WORKERS AHEAD!
You are viewing the development documentation for the Apereo CAS server. The functionality presented here is not officially released yet. This is a work in progress and will be continually updated as development moves forward. You are most encouraged to test the changes presented.
Attribute Release Policy - Return MultiMapped
The same policy may allow attribute definitions to be renamed and remapped to multiple attribute names, with duplicate attribute values mapped to different names.
For example, the following configuration will recognize the resolved attribute eduPersonAffiliation and will then
release affiliation and personAffiliation whose values stem from the original eduPersonAffiliation attribute
while groupMembership is released as group.
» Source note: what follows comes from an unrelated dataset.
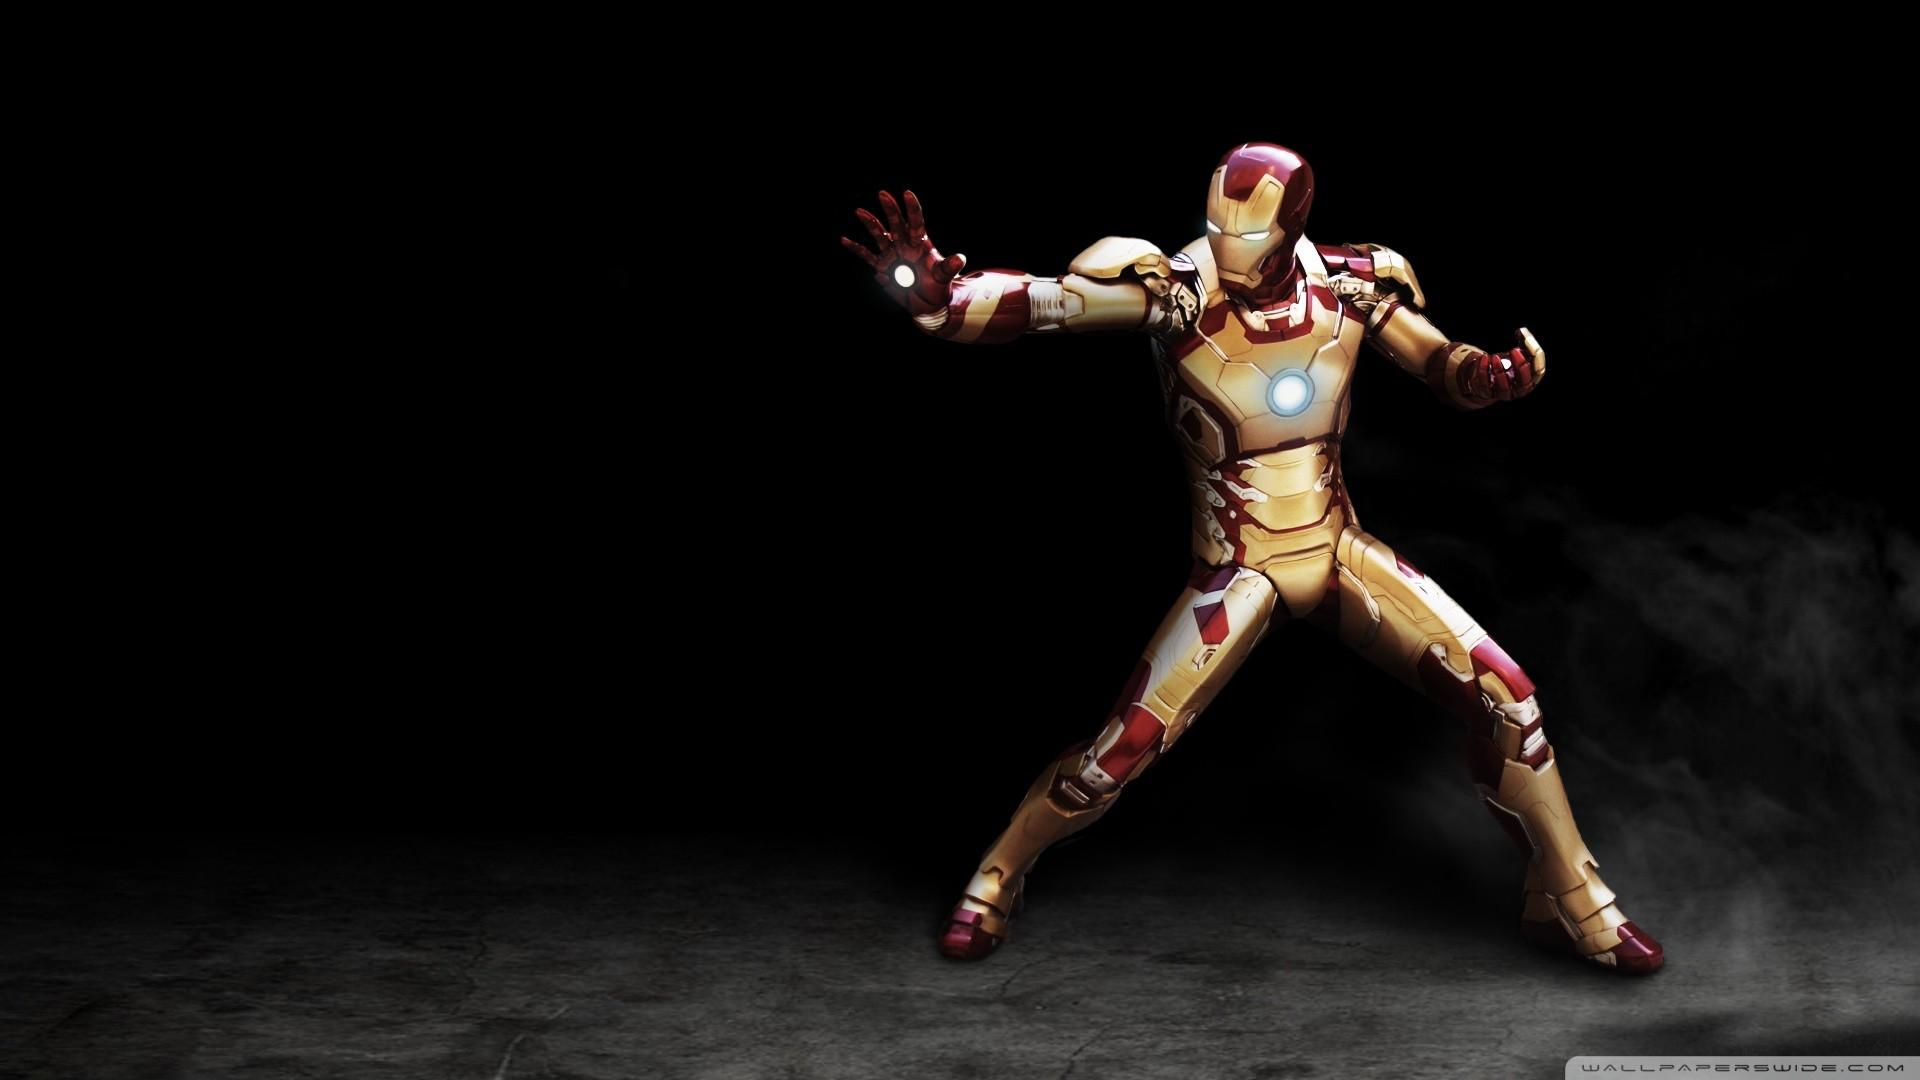 Iron Man HD desktop wallpaper Widescreen High Definition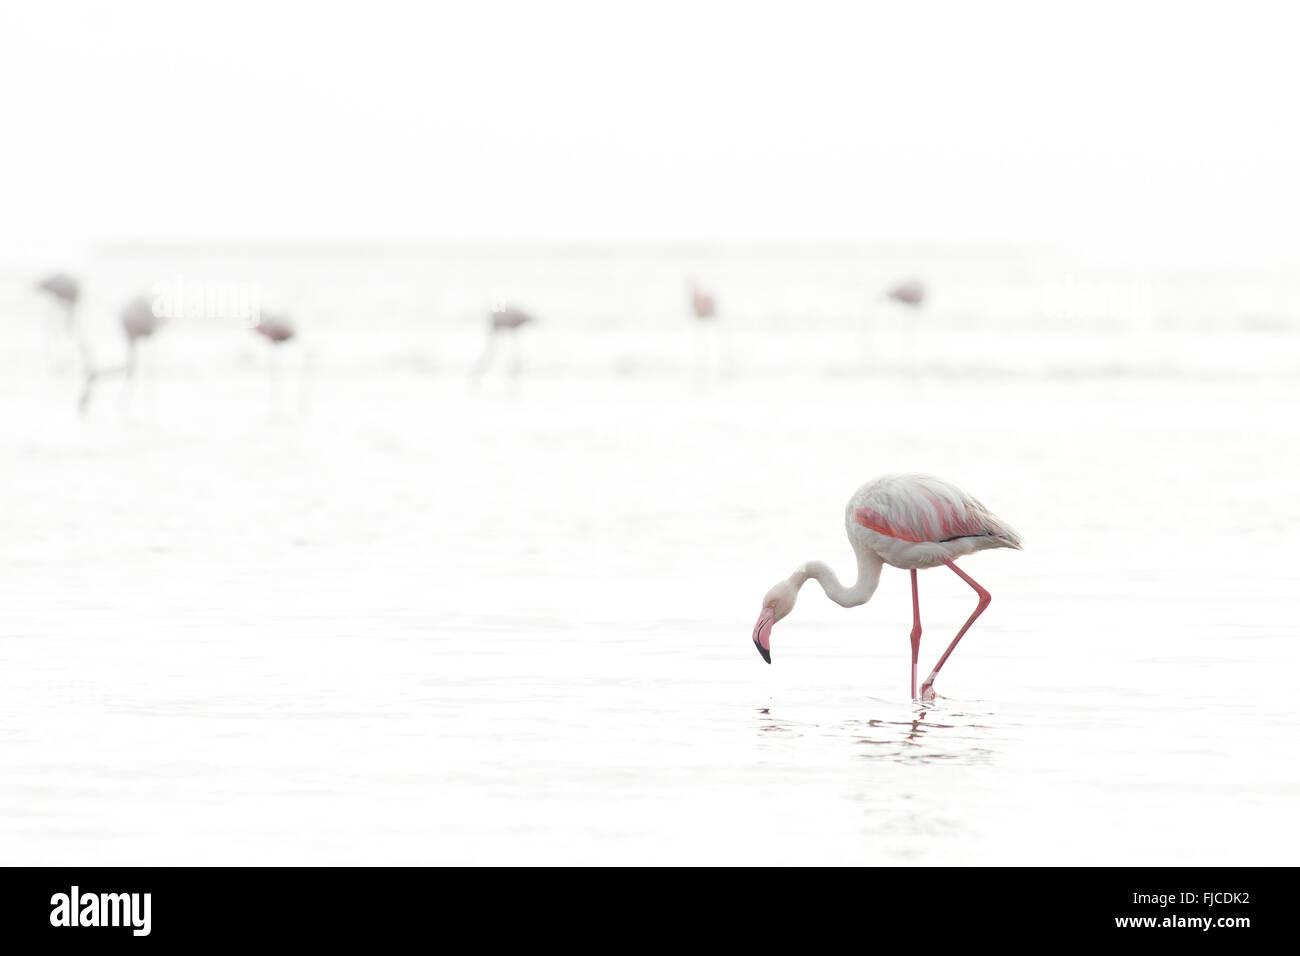 Flamingos feeding at a wetland - Stock Image

In other words, the eduPersonAffiliation attribute is
released twice under two different names each sharing the same value.
1
2
3
4
5
6
7
8
9
10
11
12
13
14
{
"@class" : "org.apereo.cas.services.CasRegisteredService",
"serviceId" : "sample",
"name" : "sample",
"id" : 300,
"attributeReleasePolicy" : {
"@class" : "org.apereo.cas.services.ReturnMappedAttributeReleasePolicy",
"allowedAttributes" : {
"@class" : "java.util.TreeMap",
"eduPersonAffiliation" : [ "java.util.ArrayList", [ "affiliation", "personAffiliation" ] ],
"groupMembership" : "group"
}
}
}
Attributes authorized and allowed for release by this policy may not necessarily be available as resolved principal attributes and can be resolved on the fly dynamically using the attribute definition store.